话虽然这么说,但她的嘴角却分明带着一丝笑意。
顿了顿,她才把我的手拉过去,指着我的手心说道:“现在都什么年代了,人人多有手机,她要是想留下手机号,直接存在你的手机里就可以了,又何必要写在你的手心上呢?这意思再明显不过了,就是暗示你随时打电话给她。”
被她这么一提醒我才回想起来,似乎刚刚岚姐离开的时候还对我抛了一个媚眼。
蓦地,我心中也是一动,大玲子连这么隐晦的暗示都能一眼看穿,为什么刚刚在酒店的时候,却对我的暗示一无所知,做出一种十分单纯的样子呢?
我隐隐感觉到有些不对劲,但究竟是哪里也说不出来。
正想着,刘啸坤走了过来,拍了拍我的肩膀,说道:“那个姓李的的确不是个善茬,不过我也不放在眼里,只要兄弟一句话,我就能让他见不到明天的太阳,不过那样对你来说也没有好处,有些事情必须要亲身经历过,你才能真正的成长起来。”
虽然没有完全明白他的话,但我还是点了点头。
又寒暄了一会儿之后,刘啸坤才注意到我身边的大玲子,饶有深意的看了她一眼,随即说道:“我兄弟是个好男人,以后你可得好好对待他。”
他说话的样子,俨然是一位兄长在叮嘱弟弟妹妹,我听到耳朵里也是暖暖的,大玲子也十分乖巧的点了点头,顿了顿,她似乎又想到了什么,便说道:“坤哥,我的事情你也知道,以后我就一心一意的对欢哥好了,以前的事情绝对不会再做,可是我又没有其他本事,你能不能替我在你这里安排一个动作。”
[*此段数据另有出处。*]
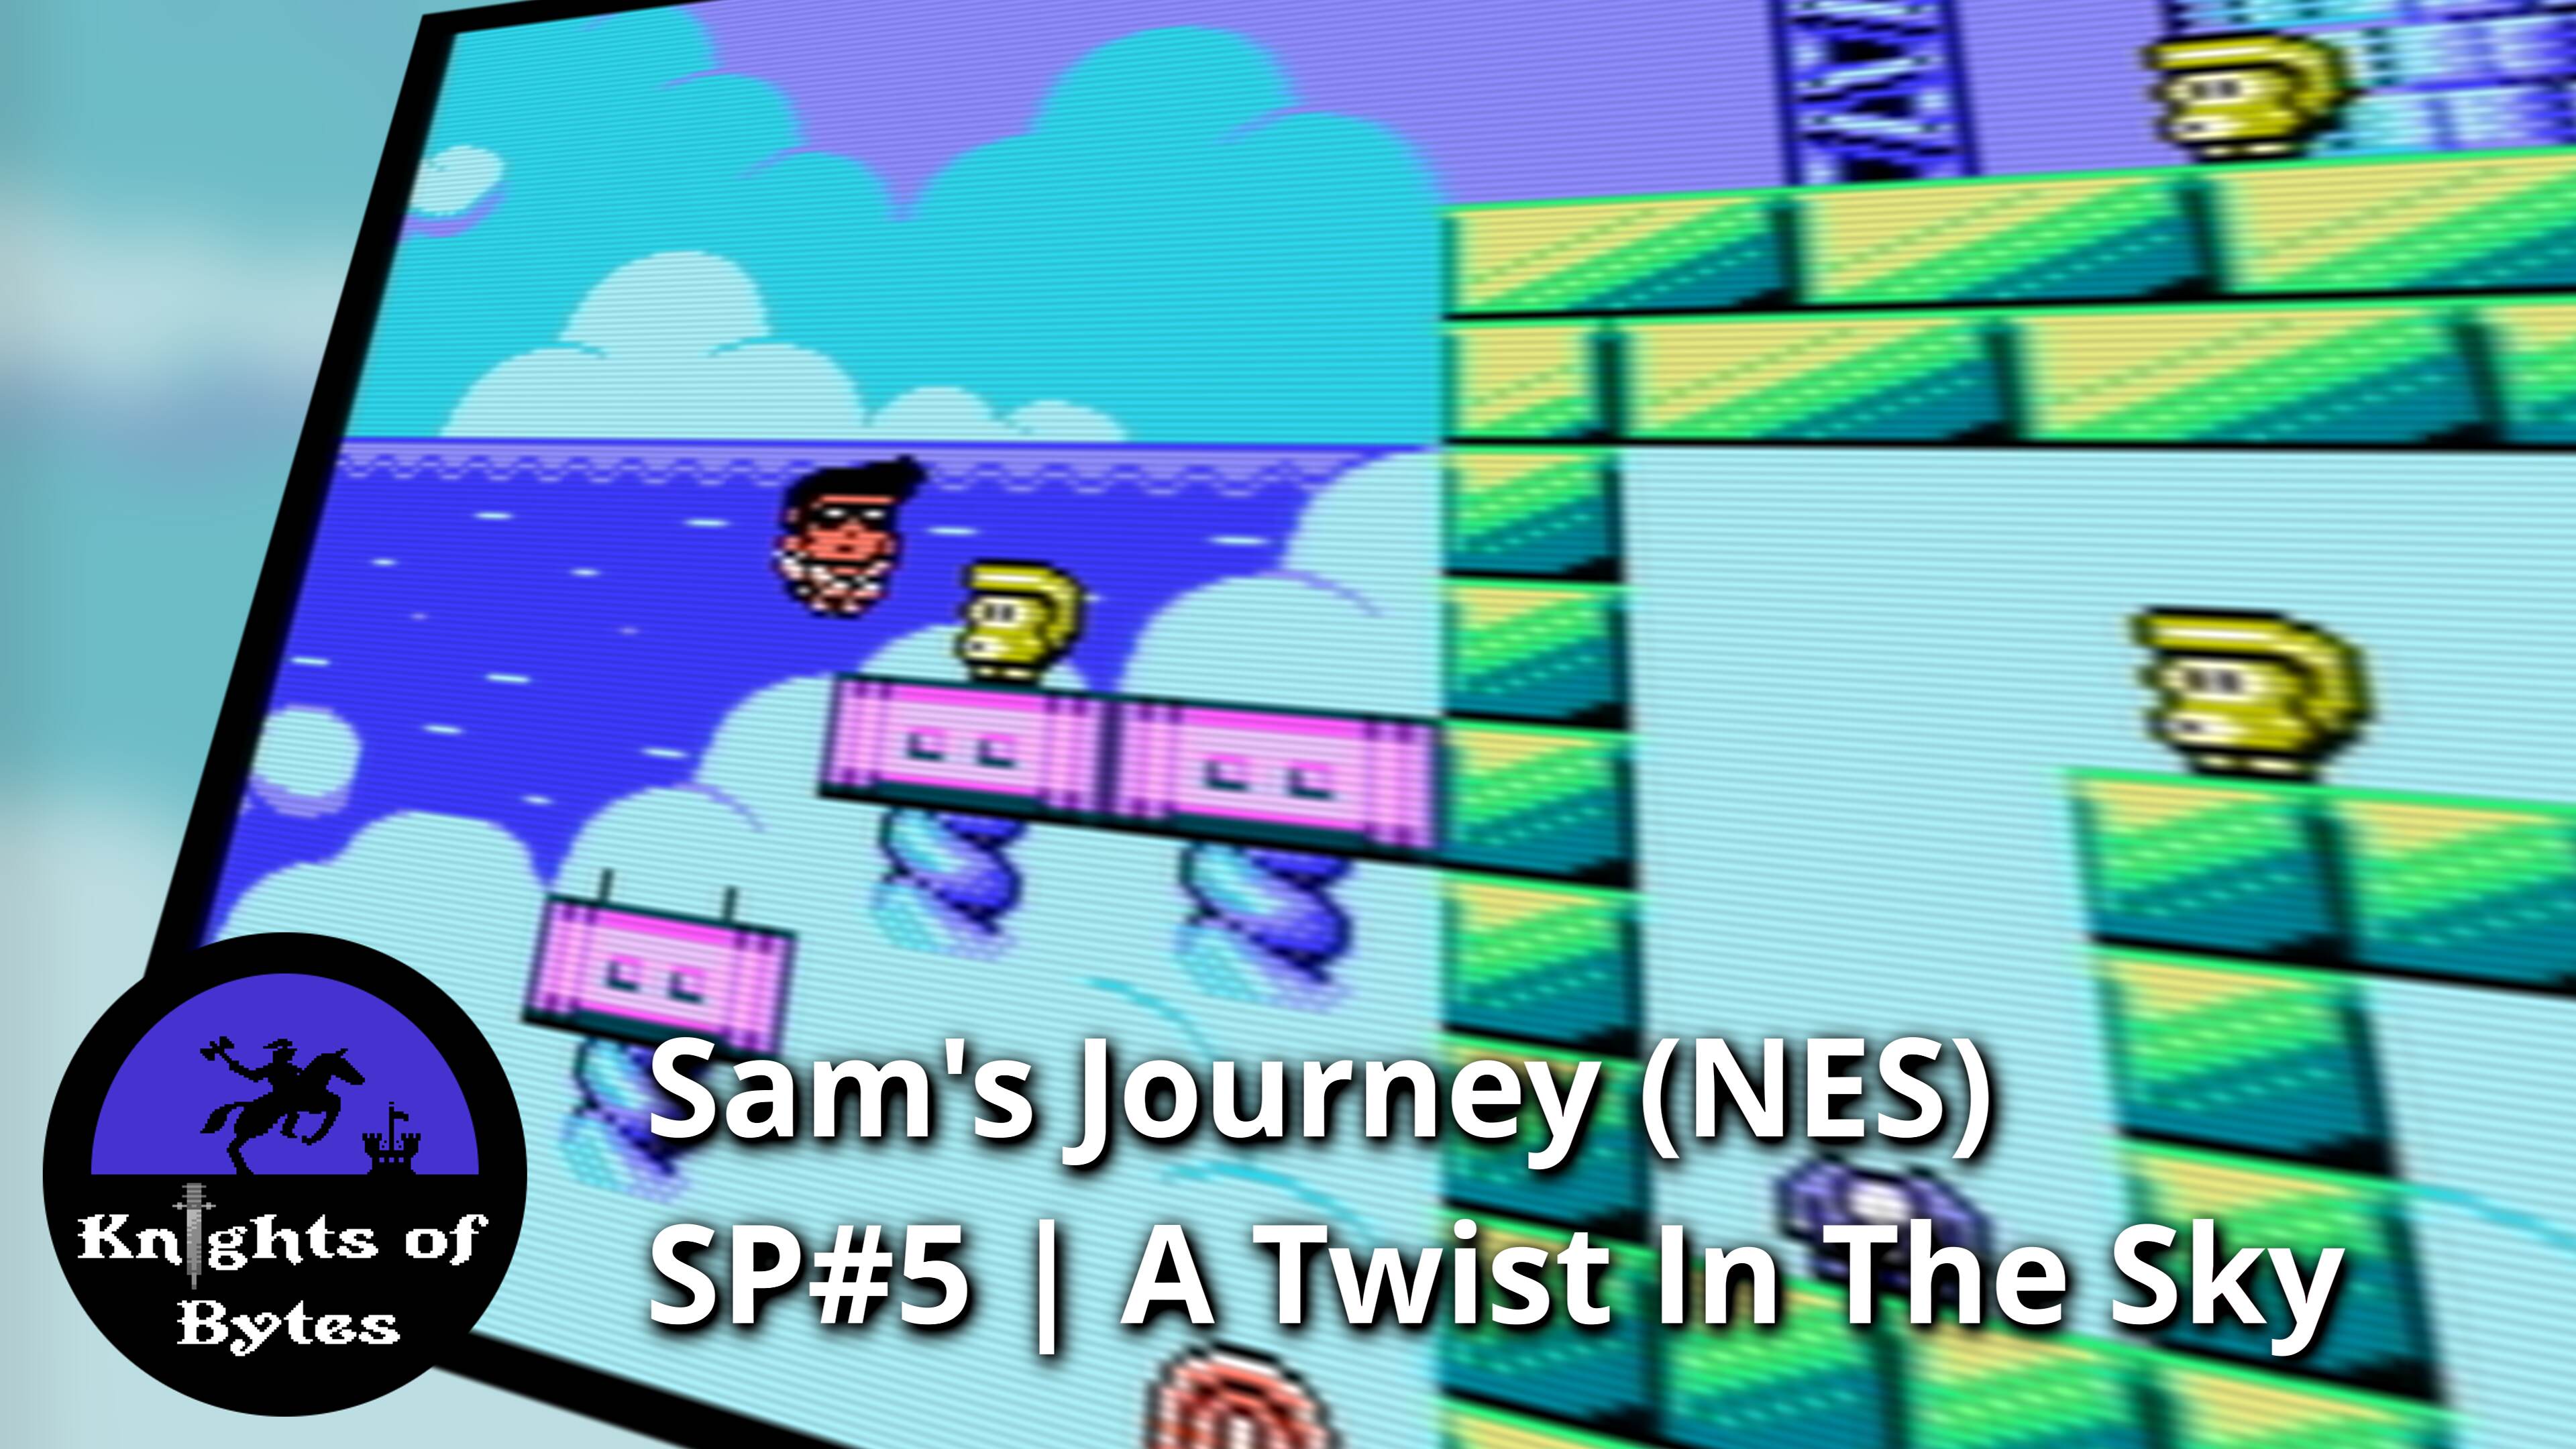 Sam's Journey NES Sneak Peek 5 Poster

“小事一桩。”刘啸坤十分爽快的就答应了,随即安排她做了一个领班。
我正愁没地方安置她呢,这样一来倒着实替我省去了不少麻烦。
我跟林笑的婚姻已经名存实亡,本来已经不打算回去住了,但是为了完成岚姐的嘱托,还是硬着头皮回去了。
第二天是周末,林笑跟往常一样看狗血剧到半夜,就在沙发上睡着了,这时候天已经热了,她身上只批了一件毯子,我回来的时候,毯子正好掉在了地上,似乎是感觉到了寒冷,林笑整个人都缩成了一团。
以后没有我在身边时刻照顾着她,天知道她该怎样生活!
想到这里,我莫名的叹了口气,随即过去将毯子捡了起来,尽管我已经尽量放轻动作,但还是惊醒了林笑,她眼睛还没睁开,便嘟囔了一声,说道:“你讨厌,压到人家头发了!”
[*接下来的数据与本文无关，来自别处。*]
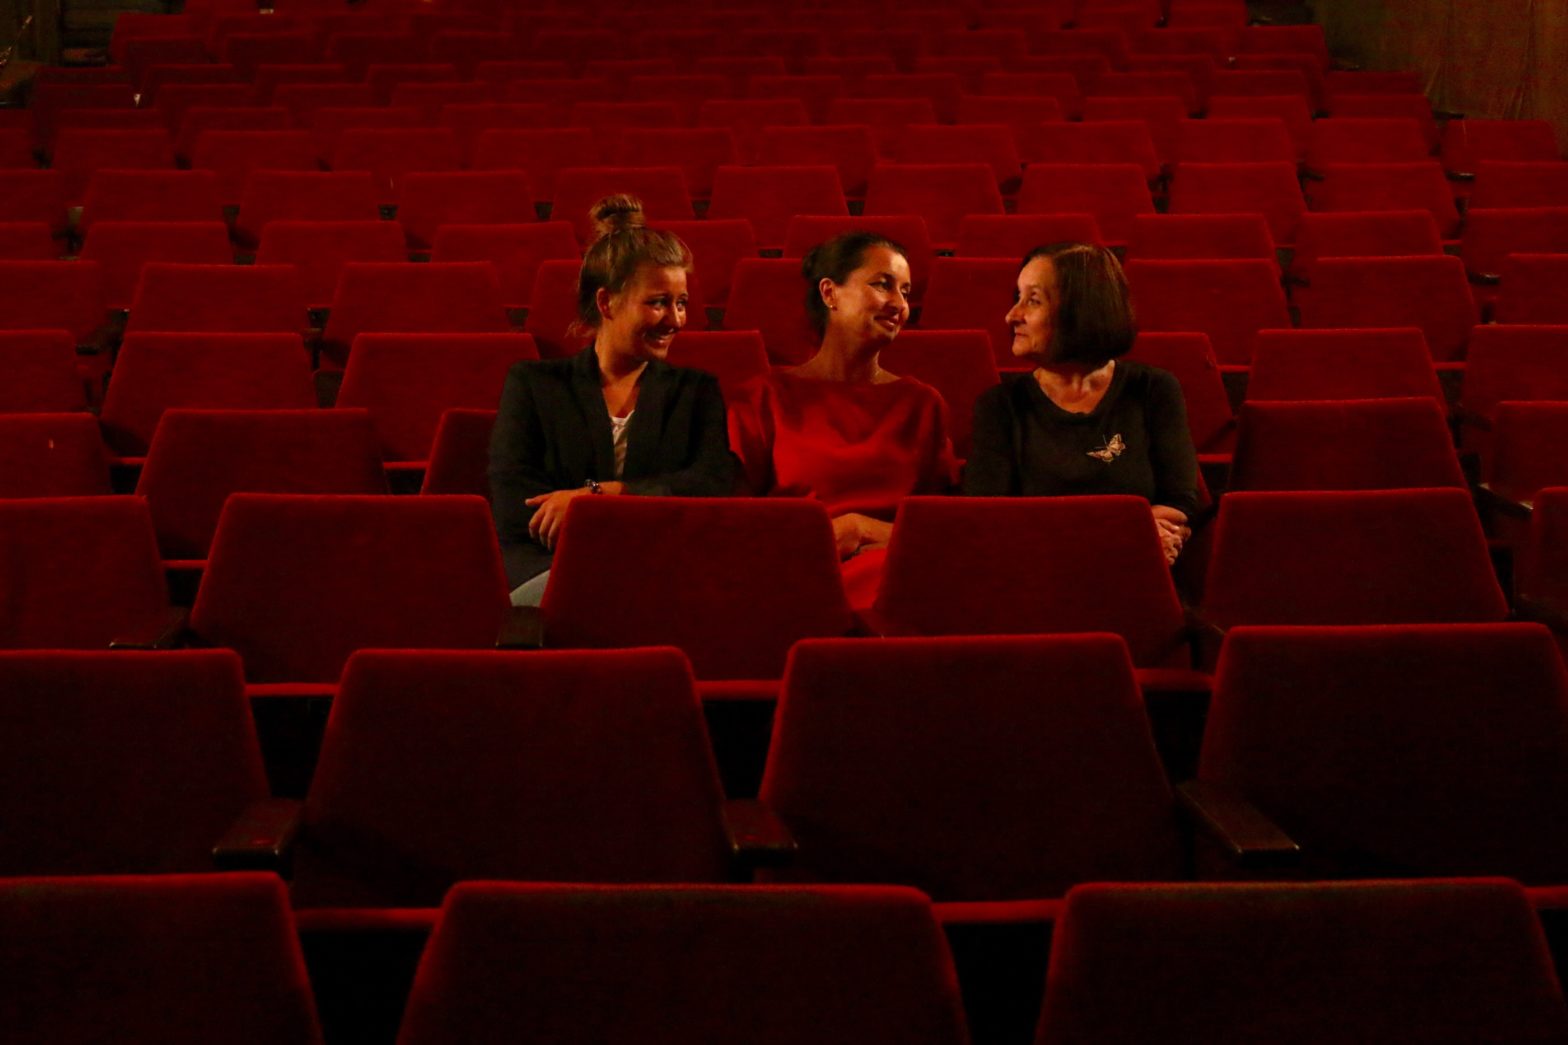 Trzy kobiety rozmawiają w pustej sali kinowej.

我说这有什么办法,谁让你留长发的,散的到处都是,这大热天的,你感觉不到吗?
林笑揉了揉惺忪的睡眼,打了哈欠爬了起来,问道:“老公,你怎么这么晚才回来!”
老公!多么亲切的称呼,但是此时在我听来,却犹如被小刀在心头割了一刀似得疼。
“别再叫我老公了,我承受不起!”我几乎是咬着牙说出来的。
林笑这才清醒了过来,随意的耸了耸肩,说道:“多叫你一声,你又不会少块肉,更何况,以后即便你想听,也听不到喽!”
我本想揶揄她两句,但突然想到了岚姐交代的事情,便想探探她的口风,随即问道:“那你以后有什么打算?真的就跟那个什么市场调研部的老家伙过后半辈子?”
“他也配?”林笑道:“我只不过是把他当个踏板而已,只有经过他,我才能认识更多上流社会的人,迟早有一天,我会让西华市都拜倒在我的石榴裙卞。”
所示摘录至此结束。